Correctness: The method is technically sound.
Clarity: This paper is very well written.
Relation to Prior Work: The references and discussions are sufficient.
Additional Feedback: Final rating ================= I am satisfied with the authors' feedback. I would keep my rating unchanged.
Summary and Contributions: This paper presents a way to learn from unlabeled videos by using clustering across multiple modalities. The biggest contribution is in the formulation of a clustering method that takes multiple modalities to a single cluster label.
Strengths: The paper is well written, understandable, and makes a nice contribution. The experiments are thorough and show the benefit of the approach.

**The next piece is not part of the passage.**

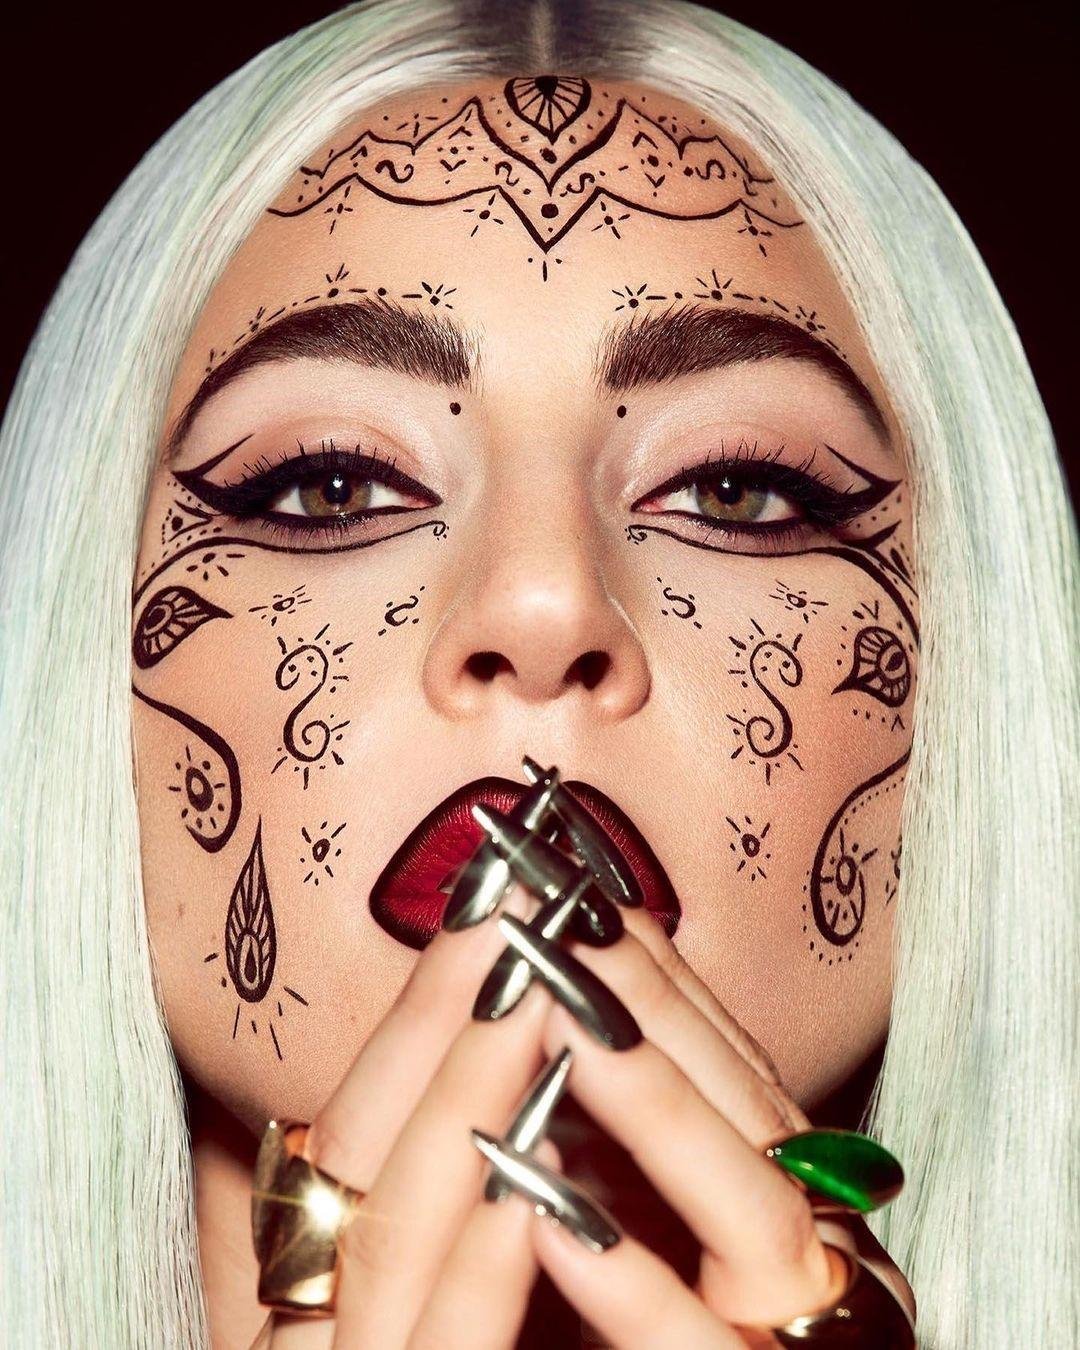 Lady Gagas ethnic makeup delighted fans

Weaknesses: - The claim "In this paper, we are thus interested in developing methods to cluster video datasets without manual supervision, substantially reducing the cost of labelling video data." is a bit misleading, given that the method is evaluated on existing datasets by ignoring the labels. Due to this, the method is trained on some human annotated data as the videos in these datasets (e.g., Kinetics) have had significant annotation in the selection of the temporal intervals and contents of the videos. They already belong to a set of actions. Instead, to support this claim, unlabeled and unannotated videos should be used. As the additional cost of labeling an action is quite small compared to the temporal selection of an action in a clip. - Some of the ideas seem quite similar to those introduced in Evolving Losses for Unsupervised Video Representation Learning . It would be good to better clarify the conceptual differences between these works. Specifically, "As part of this, we wish to account for the fact that semantic classes are not all equally probable, and tend instead to follow a Zipf distribution [1, 39]. We then evaluate the quality of the discovered labels by matching them to the ones provided by human annotators, using datasets where ground-truth labels are known" seems very similar to the ideas presented in . - It would also be good to compare against  in Table A.5
Relation to Prior Work: Mostly, see weaknesses.
Additional Feedback: For the broader impacts section, specifically "Few-label harmful content detection" I think it would be good to discuss potential biases in the few label setting. For example, if the few-label finetuning data only contains 1 race, will the method accurately work on other races or not? Overall, the broader impacts sections seems to only focus on the positive side of the paper and not really discuss any possible negative impacts which were asked for. The main negative discussed is essentially blaming the user, "Perhaps the most direct risk is that a user of the algorithm might overestimate its capabilities." which doesn't seem to fit the goal of the broader impacts section in discussing implications of the work. Overall, the paper is quite good and interesting. I would like to see the comments and concerns addresses to further strengthen the paper.